Вернее было бы сказать, что это её отделили, но Ойкью не стала вдаваться в подробности.
– А на шарфик не обращай внимания, – прибавила она. – Это для красоты.
– Ты всё-таки что-то такое сделала, да? – Хозяин Клёна грустно сдвинул брови домиком. – Поэтому…
Он протянул руку, чтобы взяться за шарфик, но Ойкью мотнула головой и сделала шаг в сторону.
– Ты гораздо симпатичнее без него, – продолжил её старый друг, и не было на свете слов грубее.
Ойкью загрустила: ей хотелось, чтобы он по-прежнему считал её симпатичной.
– Но мне это без разницы, – с улыбкой продолжил Хозяин Клёна. – Я так рад наконец видеть тебя. Костры – это очень весело, но в целом мире нет никого, кто смог бы тебя заменить.

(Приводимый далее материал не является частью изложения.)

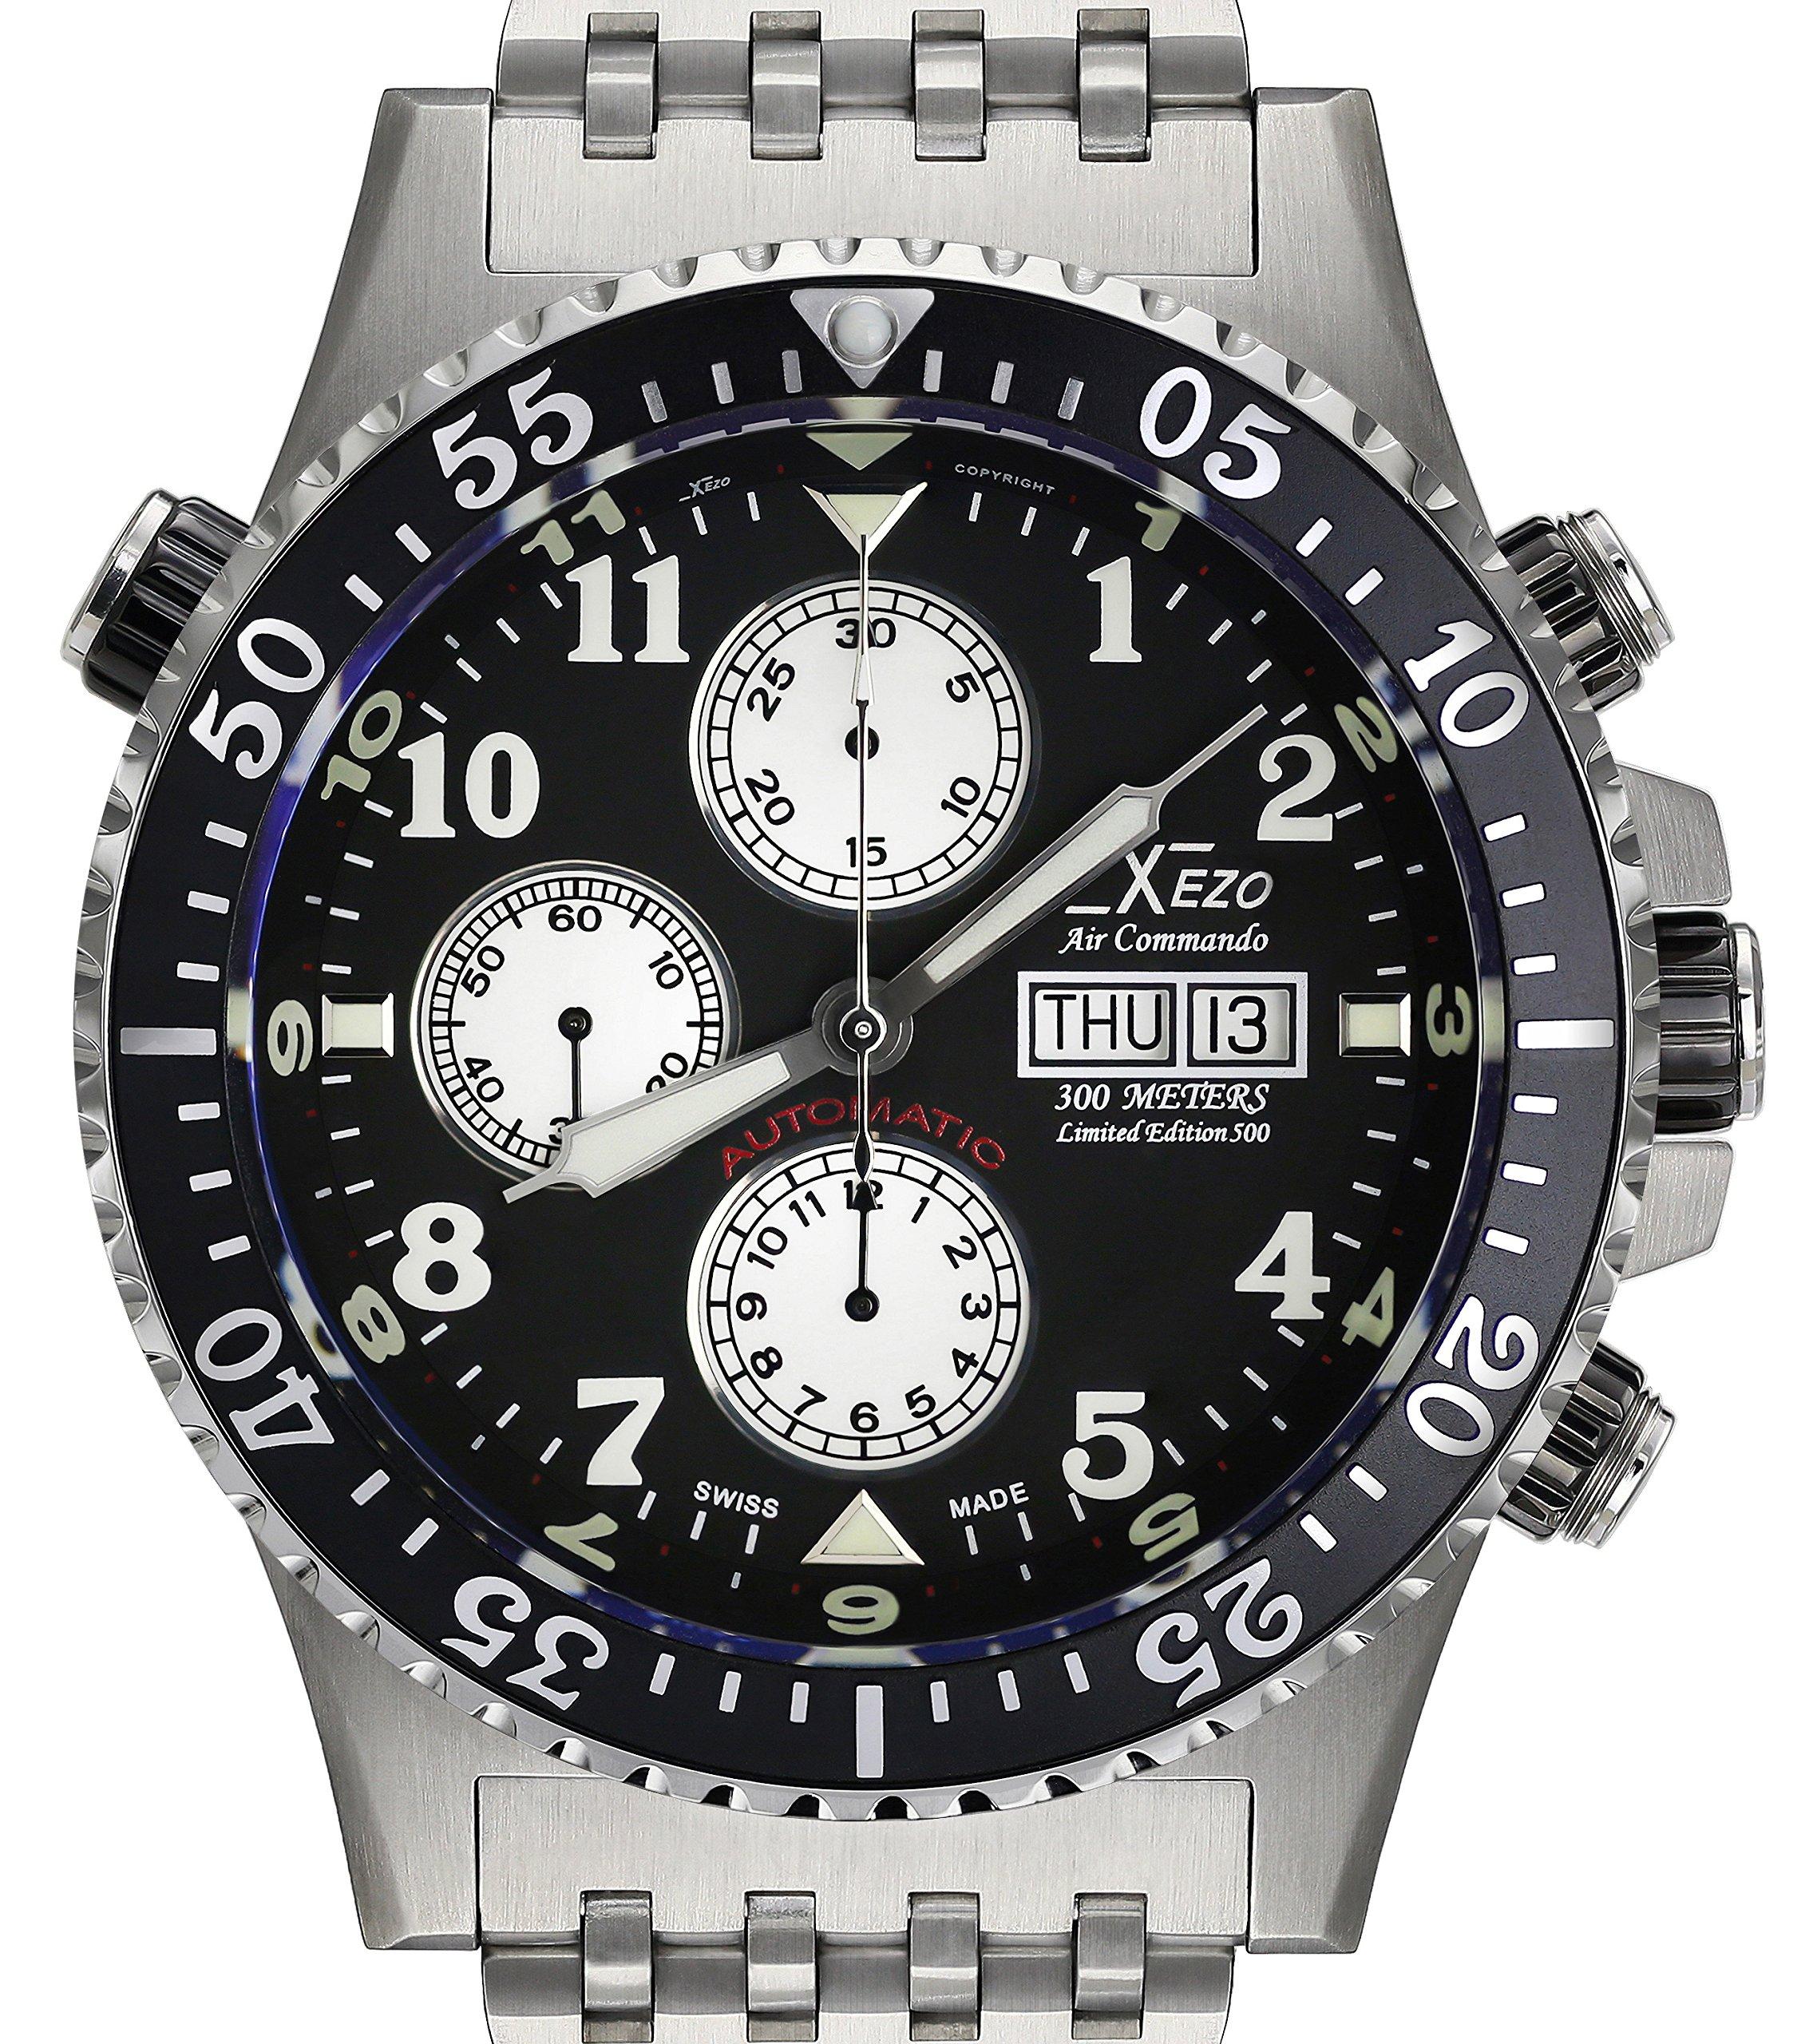 Xezo Men's Air Commando Diver Pilot Swiss Automatic Valjoux 7750 Luxury Chronograph Waterproof Wrist Watch. 2 Time Zones

И не было на свете слов прекрасней. Ойкью на миг ощутила, что её так и тянет улыбнуться.
– Сыграешь на окарине? – друг радостно сверкнул глазами. – А я сыграю на дудочке – будет весело.
– Я не умею больше играть, – покачала головой Ойкью. – Я пришла попрощаться. Я уплываю к Истоку Великой реки.
Ей в голову пришла вдруг одна мысль – и почему она не подумала об этом раньше? Ойкью взглянула на Хозяина Клёна оценивающе; тот сидел на ветке и обеспокоенно смотрел на неё сверху вниз.
– Ты не хочешь поплыть со мной? – спросила она, впрочем, без особой надежды.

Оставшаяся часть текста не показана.